In the listing below, find the line containing "9a048456 Trondheim Restaurant" and the line containing "Best Fold Brochure", then copy exactly everything from the first through the second, except the pictures.

## [Exercise data]
....

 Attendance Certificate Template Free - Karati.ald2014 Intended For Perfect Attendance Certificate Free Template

....

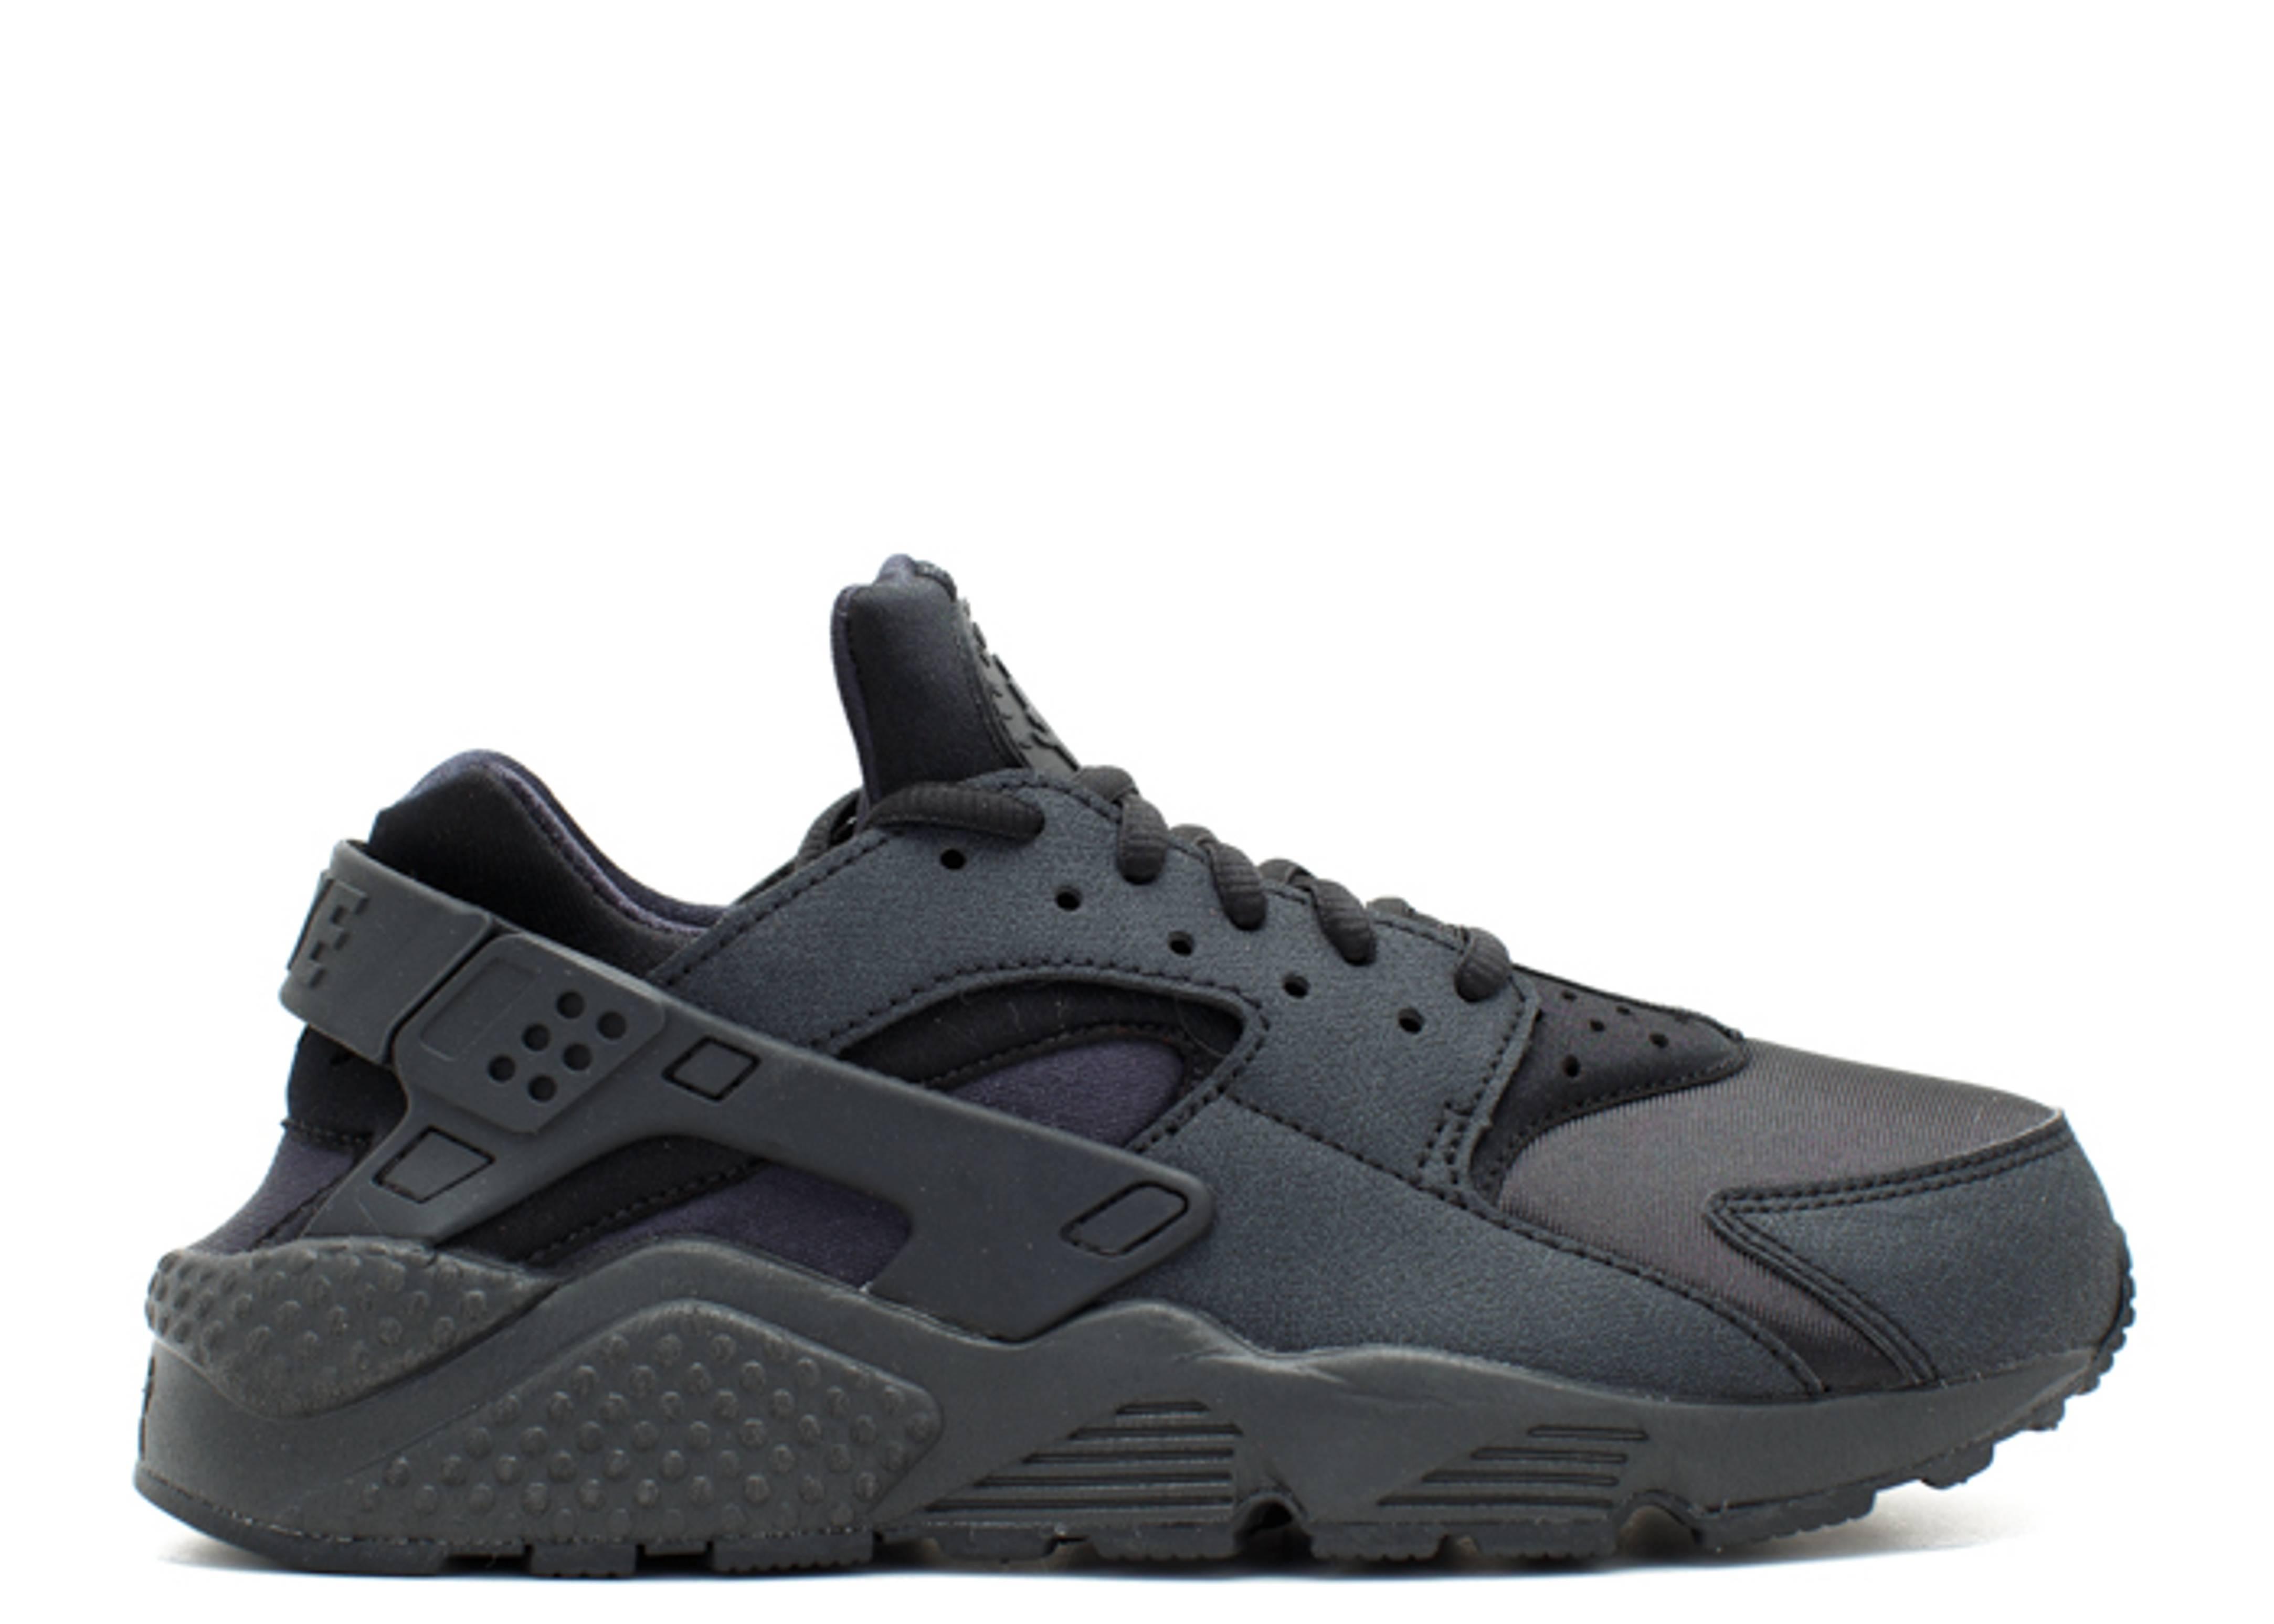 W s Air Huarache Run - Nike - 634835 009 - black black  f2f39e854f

....

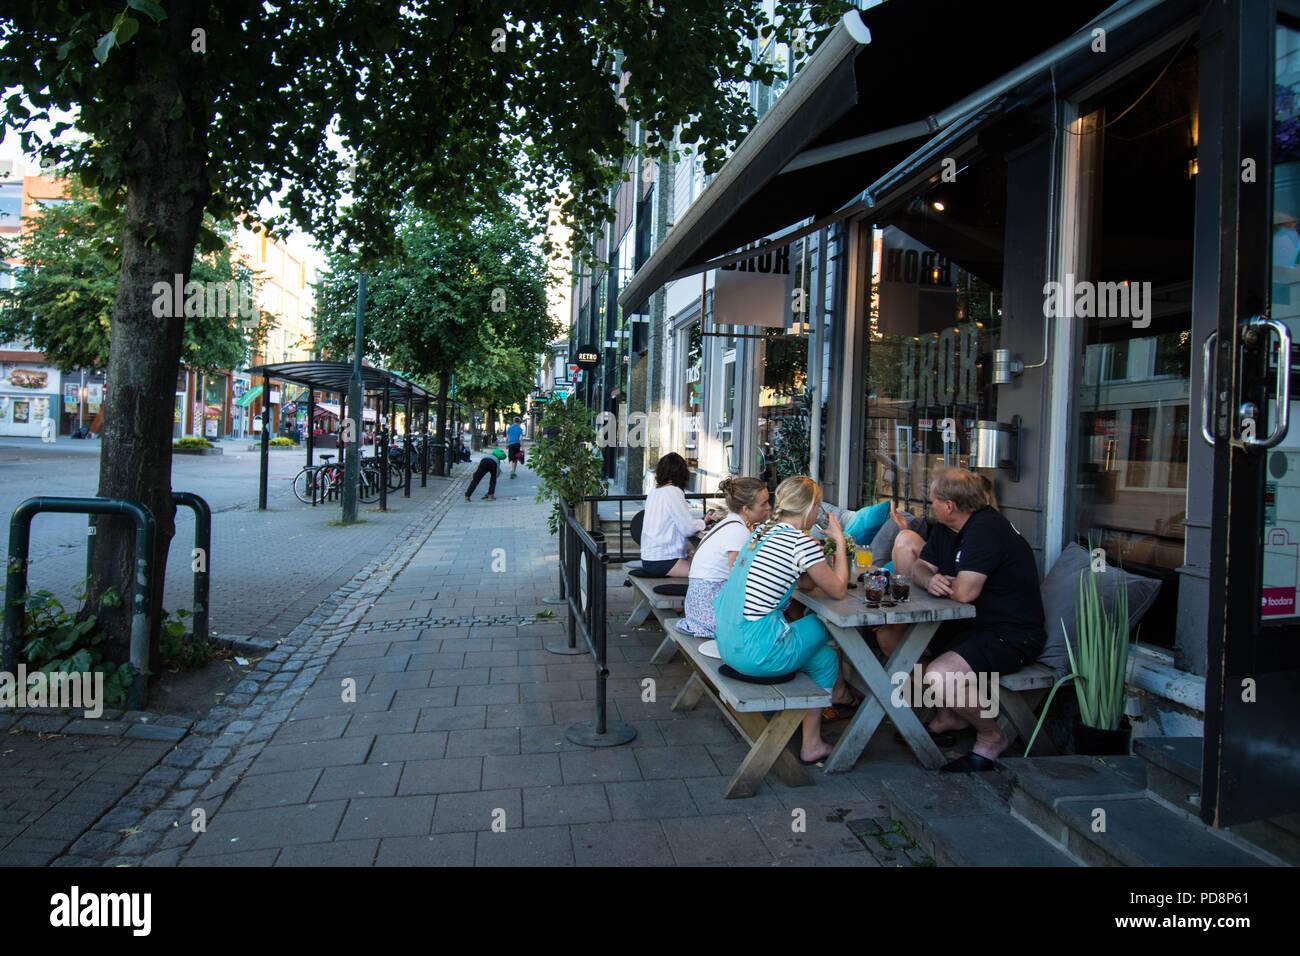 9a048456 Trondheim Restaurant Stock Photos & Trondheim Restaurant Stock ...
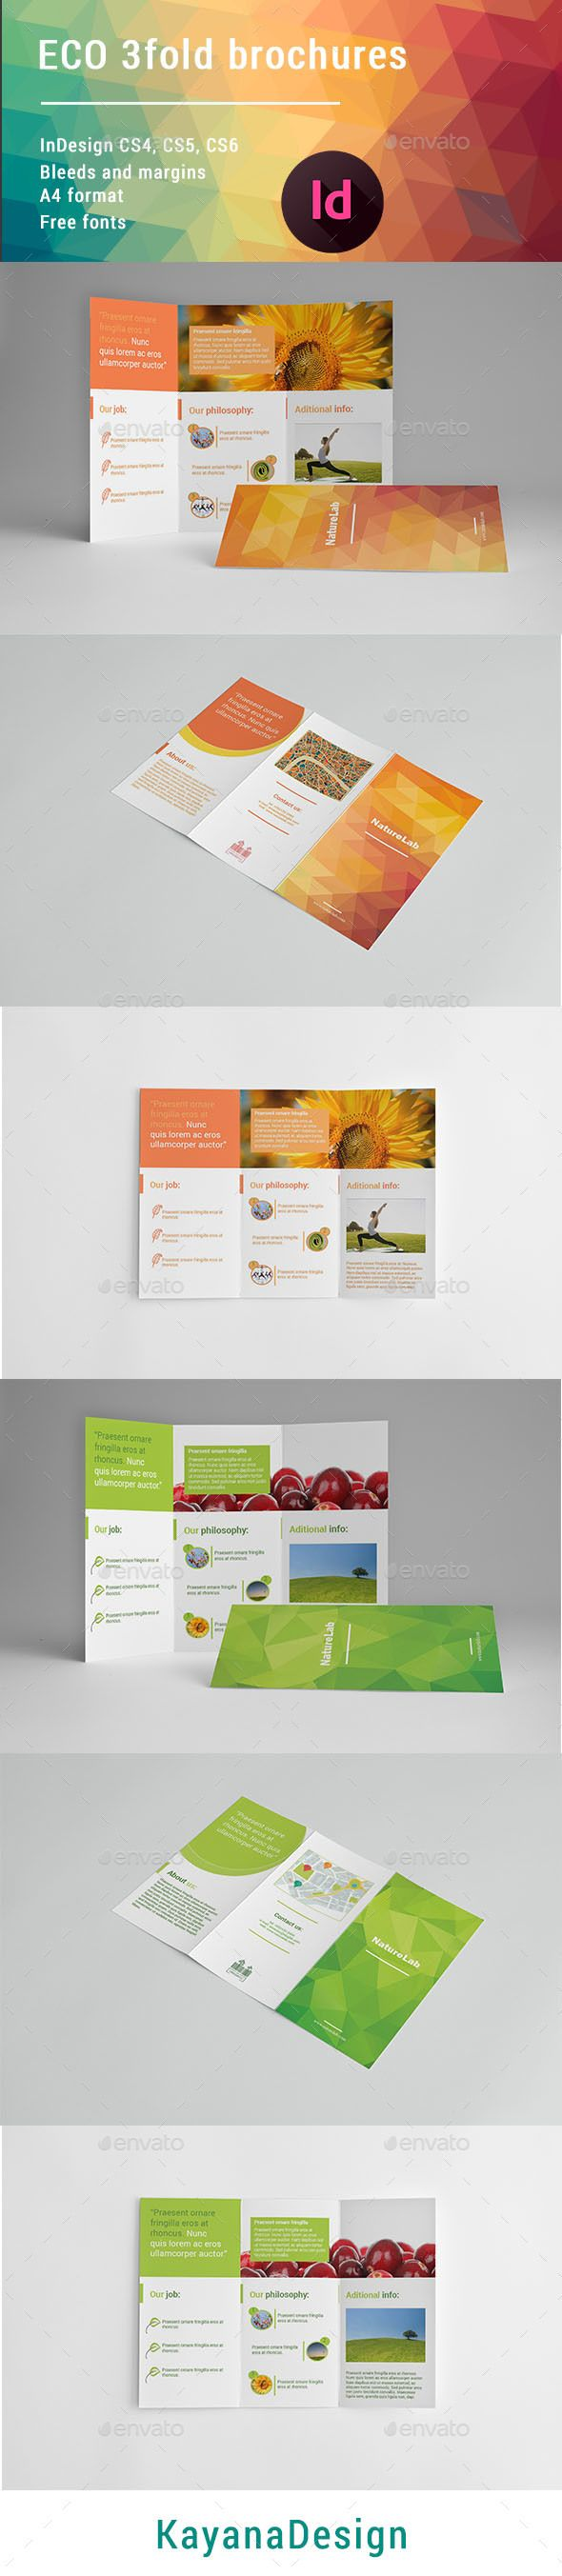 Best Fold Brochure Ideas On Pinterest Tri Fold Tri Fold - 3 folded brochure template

....

## [Task answer]
 9a048456 Trondheim Restaurant Stock Photos & Trondheim Restaurant Stock ...
 Best Fold Brochure Ideas On Pinterest Tri Fold Tri Fold - 3 folded brochure template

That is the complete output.